Perhaps no early popularizer of paleontology is as celebrated as William Buckland. Cuvier may have made paleontology a science, and Richard Owen may have coined the term “dinosaur,” but it was Buckland who most effectively “burst the limits of time” in both scientific and popular circles. While merely being an anecdote, Henry Acland’s description of Buckland’s lecturing style gives us some appreciation for his combining science with showmanship;
“He lectured on the Cavern of Torquay, the now famous Kent’s Cavern. He paced like a Franciscan Preacher up and down behind a long show-case, up two steps, in a room in the old Clarendon. He had in his hand a huge hyena’s skull. He suddenly dashed down the steps– rushed, skull in hand, at the first undergraduate on the front bench–and shouted, ‘What rules the world ?’ The youth, terrified, threw himself against the next back seat, and answered not a word. He rushed then on me, pointing the hyena full in my face–‘ What rules the world ?’ ‘Haven’t an idea,’ I said. ‘ The stomach, sir,’ he cried (again mounting his rostrum), ‘ rules the world. The great ones eat the less, and the less the lesser still.’ ” [From The Life and Correspondence of William Buckland]”

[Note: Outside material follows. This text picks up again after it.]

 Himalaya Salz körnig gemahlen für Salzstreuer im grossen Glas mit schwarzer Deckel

The Kirkdale cave hyenas made Buckland a scientific superstar, but he is most often discussed today in context of his identification of the dinosaur Megalosaurus. As related by his son Francis, the elder Buckland played up the seemingly fantastical nature of prehistoric animals. From Francis Buckland’s Curiosities of Natural History;
“During this period of monsters there floated in the neighborhood of what is now the lake of Blenheim – huge lizards, their jaws like crocodiles, their bodies as big as elephants, their legs like gate-posts and mile-stones, and their tails as long and as large as the steeple of Kidlington or Long Habro’. Take off the steeple of either church, lay it in a horizontal position, and place legs on it, and you will have some notion of the animal’s bulk. These stories look like fables, but I ask not your indulgence to believe them. There the monsters are, and I challenge your incredulity in the face of the specimens before your eyes; – disbelieve them if you can.”

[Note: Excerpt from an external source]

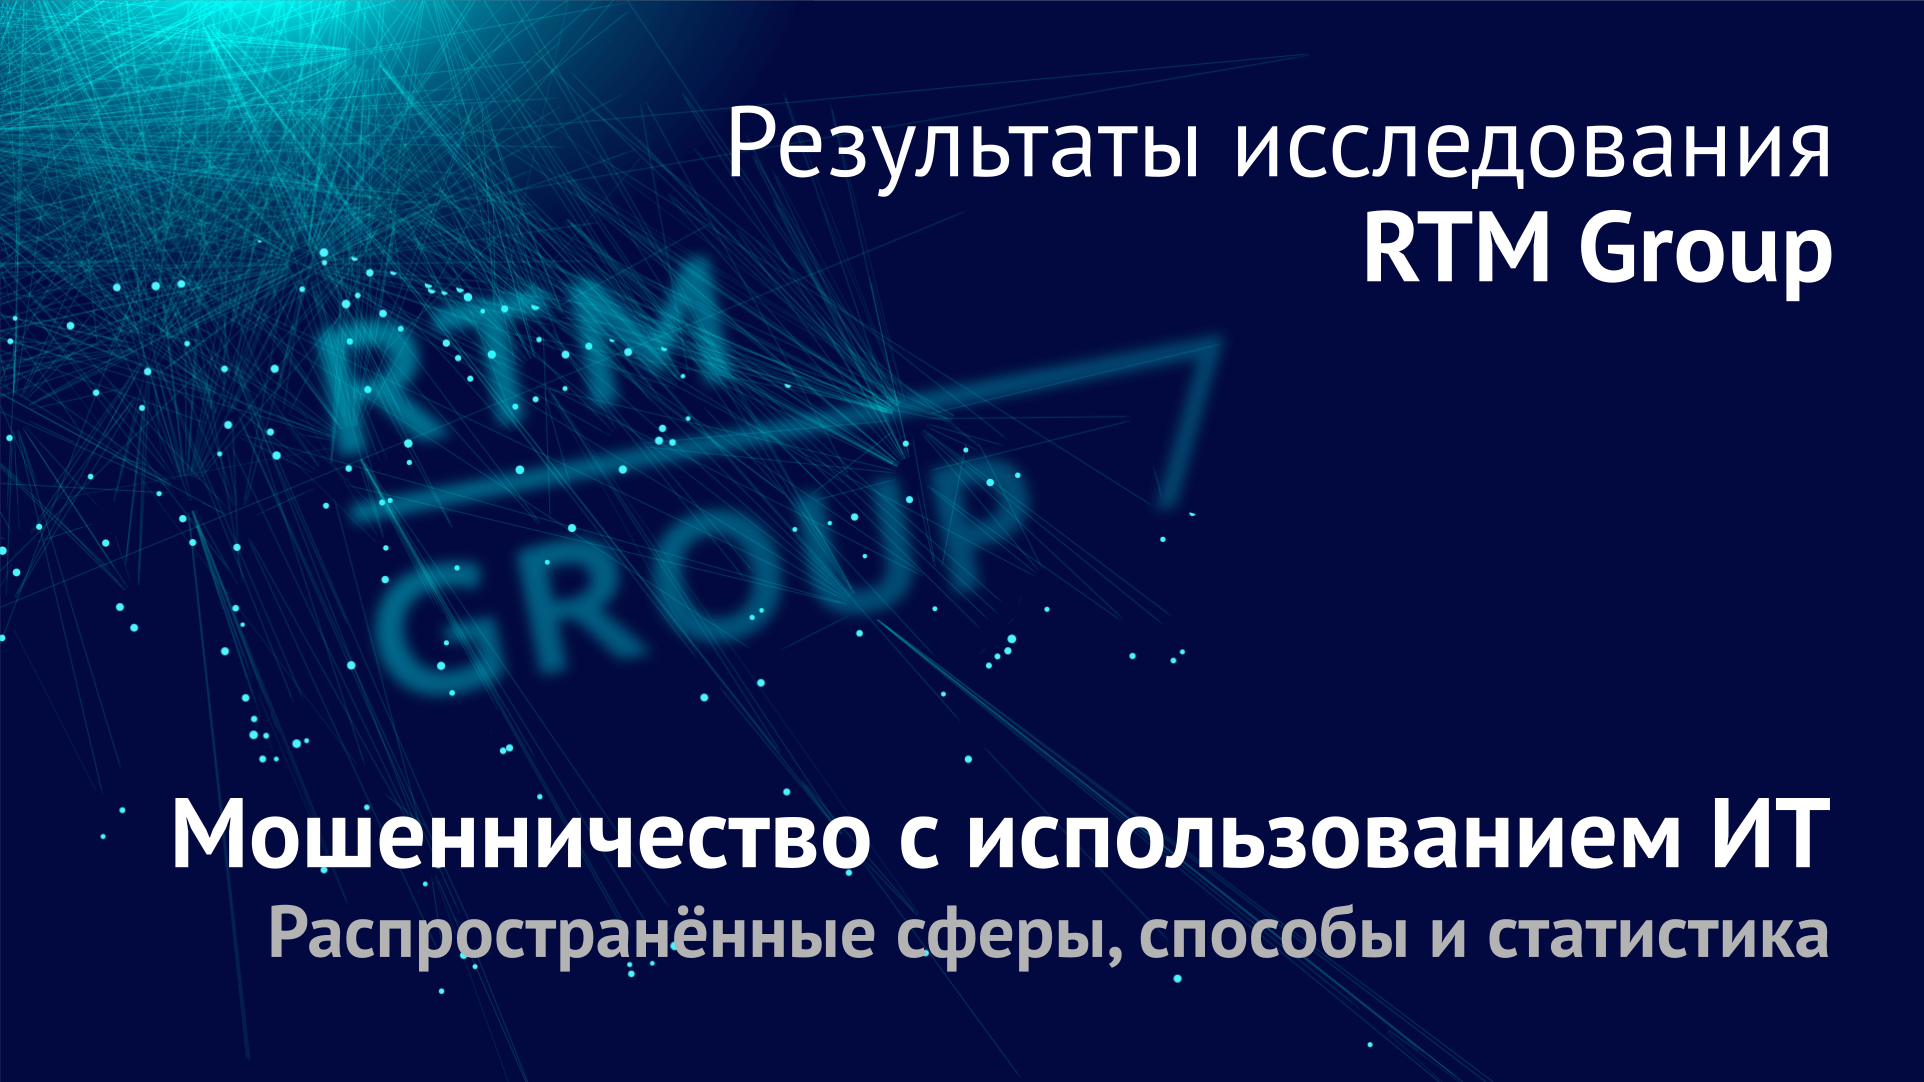 RTM Group представляет результаты исследования по мошенничествам с использованием ИТ

While the phrase “the struggle for existence” is most closely associated with Charles Darwin, the idea of the ancient past as a violent world filled with monsters is nearly as old as paleontology itself (see Adrienne Mayor’s The First Fossil Hunters and Paul Semonin’s American Monster). The remains of animals wrested from the earth represented terrifying creatures far grander than any living form, and it was often thought that their extinction was tied to their destructive, carnivorous habits. It may seem strange, then, that casting fossil creatures as monsters and dragons was juxtaposed with natural theology, the perfection of killing claws and crushing jaws being tied to the beneficence of an all-wise Creator (although such appeals most often appeared in popular works, theology being increasingly pushed into the background and geology came into its own).
Indeed, prior to the discovery of dinosaurs mammalian behemoths fired the imaginations of professionals and members of the public alike. The remains of the American mastodon and giant ground sloth Megalonyx were interpreted to denote the presence of carnivorous terrors when they were initially discovered, only later being recognized as the teeth and bones of herbivores. In 1797, George Turner proposed that the animal we now recognize as the mastodon may have sprung upon unsuspecting prey, then devouring the mangled carcasses of the victims (as reproduced in Hedeen’s Big Bone Lick);
“It is well known that the buffalo, deer, elk, and some other animals, are in the constant habit of making such places [as Big Bone Lick] their resort; in order to drink the salt water and lick the impregnated earth. Now, may we not from these facts infer, that Nature had allotted to the Mammoth the beasts of the forest for his food? How can we otherwise account for the numerous fractures that every where mark these strata on bones? May it not be inferred, too, that as the largest and swiftest quadrupeds were appointed for his food, he necessarily was endowed with great strength and activity? – that, as the immense volume of the creature would unfit him for coursing after his prey through thickets and woods, Nature had furnished him with the power of taking it by a mighty leap? – That this power of springing to a great distance was requisite to the more effectual concealment of his bulky volume while lying in wait for prey? The Author of existence is wise and just in all his works. He never confers an appetite without the power to gratify it.”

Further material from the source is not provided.